Another week – a few more interesting discoveries from the internet.

  • First off – the 2024 DORA survey is out. I look forward to seeing the results and analysis when they’re available.
  • I continue to be a fan of Steve Denning’s writing – and of simple heuristics as well. His latest article on A Powerful Tool That Sees Behind The Financial Headlines is really interesting.
  • I found Sad Servers this week. It’s like a CTF – but for debugging linux servers.
  • I dropped using Windows when I left Microsoft (and used a Mac laptop my last year there). But it’s taken me until this week to discover RayCast, and I’m an insta-fan.
  • Finally, HBR hit it out of the park with this short – and painfully accurate article on 4 Reasons Why Managers Fail.

That’s Five, so I’m out.
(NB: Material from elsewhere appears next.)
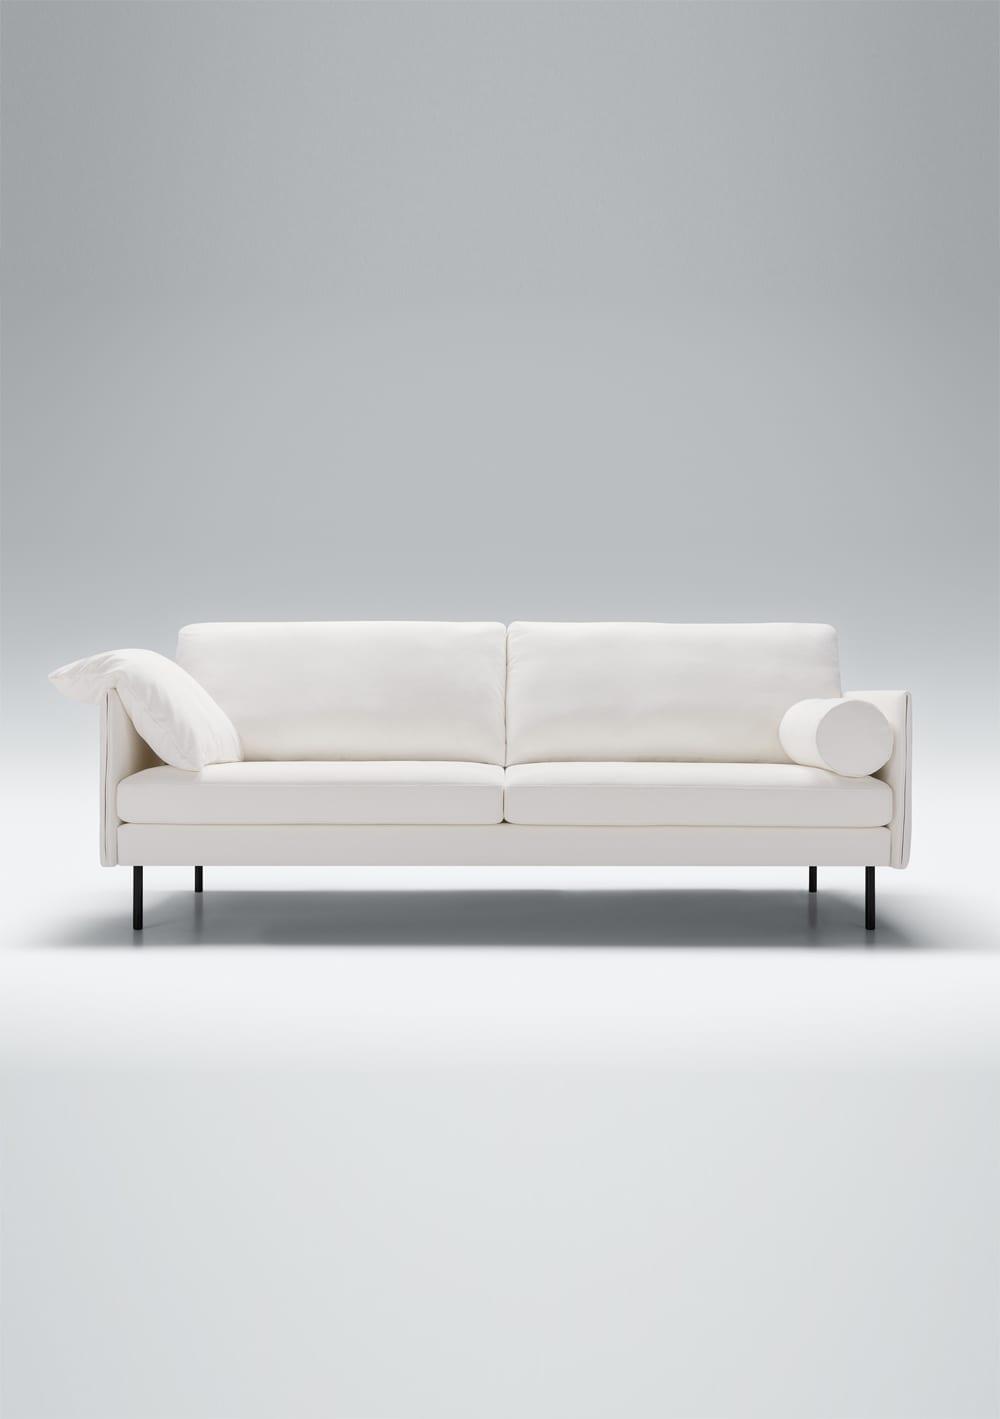 sits_sofa_juno_5

Have a great weekend.

bookmark_borderFive for Friday – April 5, 2024

It’s been another too-full week – but here are a few things I’ve found worth sharing.

  • First – I don’t often use these posts to talk about the podcast, but this week was both the 10th anniversary, and our 200th episode. I promise to try to not talk about the podcast until we get to 250.
  • There’s a lot of good advice in this article on How to Self-Manage Even if You Have a Manager – just about everyone I know who’s been successful in knowledge work has inherently followed most of this advice early in their career
  • Raymond Chen’s blog is the only Microsoft blog I read. Every so often there’s yet-another-entry in his wrong-side-of-this-airtight-hatchway series where someone discovers that as an administrator, they can mess up their system. Makes me shake my head, but always still a fun read. It rather involved being on the other side of this airtight hatchway: System corruption caused by an administrator
  • It still pains me how many people “test” LLMs without any idea how they work. This quiz – Exploring LLM Weirdness: A Quiz Game has you interact with an LLM until you can teach it the right answer – and in doing so, explains the limitations of LLMs and provides a few insights into how they work.
  • Finally, I’ve been taking a break from Starfield and Baldur’s Gate to play Bloodstained. I’m always a sucker for metroidvania games, and this one has been a lot of fun so far

Once again, thanks for reading – see ya’ in a week.

bookmark_borderFive for Friday – March 29, 2024

Happy Friday everyone – read on for some potential interest…

  • First, an announcement. Wednesday, April 3 is the Tenth Anniversary of the AB Testing Podcast – and it’s also our 200th episode. We’re going to record it live at 6:00pm PDT – it’s basically a podcast / webinar.
    If you want to take part, join our Slack group and you’ll find a gcal link in the #general channel – or if you don’t do slack, I’ll plan to post details on linkedin beginning on Monday.
  • I’m a little late in posting today, because I took the day off for first hike of the spring. The Wallace Lake Loop was perfect – with a few side trip, it was a fun ten miles.
  • As a current remote worker – and an advocate, I found a lot of interesting points in this 2024 State of Remote Work.
  • This article is targeted at Quality Engineers, but everyone should read it – RAG for Quality Engineers
  • And…I stumbled this article from Ryan Peterman that was clear, accurate, and valuable The Tech Lead’s Playbook.

That’s all for this week, and that’s all for March 2024. Hope to see some of you (virtually) Wednesday night.

bookmark_borderFive for Friday – March 22, 2024

I journeyed into public last weekend…and caught a cold. Fortunately, I’m well on the mend, but after a whole lot of isolation over the last four years, being sick is rare – in face, other than my one time bout of COVID last August, this has probably been the only time I’ve been sick since 2019 or earlier.

Anyway – I still had a lot of time to find a few interesting things worth sharing.